Had a chance to ride in the JH Outlaw this weekend...thanks Captain Randall Groves for showing me what the boat will do! It's a beautiful boat and a lotta fun to drive for sure! Was also able to see the riser version in person at the boat show.

Sunday we walked around the boat show and look at a ton of models...lotta eye candy (of all sorts)!

I'm down to the SCB and JH at this point. Both boats will do what I am looking for, and top notch companies/service. The SCB is hands down winner on fit and finish....JH is at a more attractive price point. I do believe the Recon rides a bit better given the overall hull design and the stepped hull.
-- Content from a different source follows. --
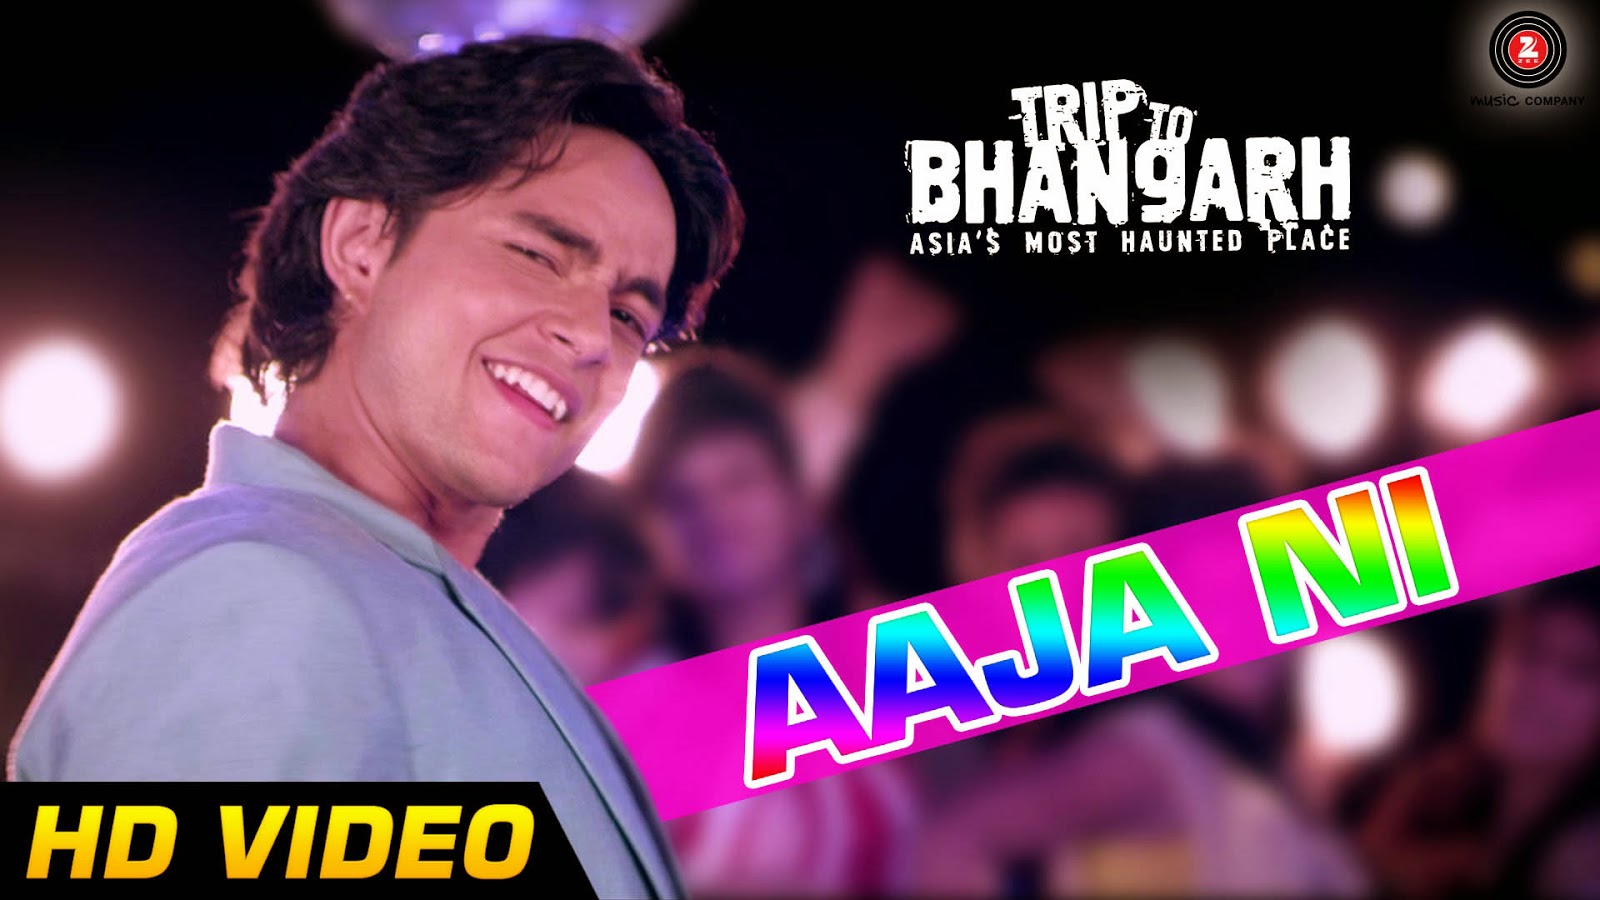 Aaja Ni Official Music Video,Aaja Ni  Full Video Song, Aaja Ni  Hindi Movie Video Song, Download Aaja Ni  Video Song, Aaja Ni  HD Music Video, Aaja Ni  Trip To Bhangarh (2014)  Movie Video Song, Download Trip To Bhangarh (2014) Movie Video Song

Tough choice! If I win the Powerball this week that'll solve my problem!


----------



## cc (Aug 11, 2005)

Brian is your foot tired from kicking the tires???? Pull the trigger!! Come on over to the Family!!! Lol í ¼í¾£


----------



## saltygold (May 17, 2006)

*shallow*

21 shallow sport . not the fastest , but it will run in 4'' of water and get up in 12'' of water . period


----------



## T_rout (Jul 25, 2013)

saltygold said:


> 21 shallow sport . not the fastest , but it will run in 4'' of water and get up in 12'' of water . period


24' Pescador. It is the fastest, will run in 3" of water and will get you up in 7" of water. I've done both, anytime you wanna ride shot me a message and I'll show you what a real boat can do!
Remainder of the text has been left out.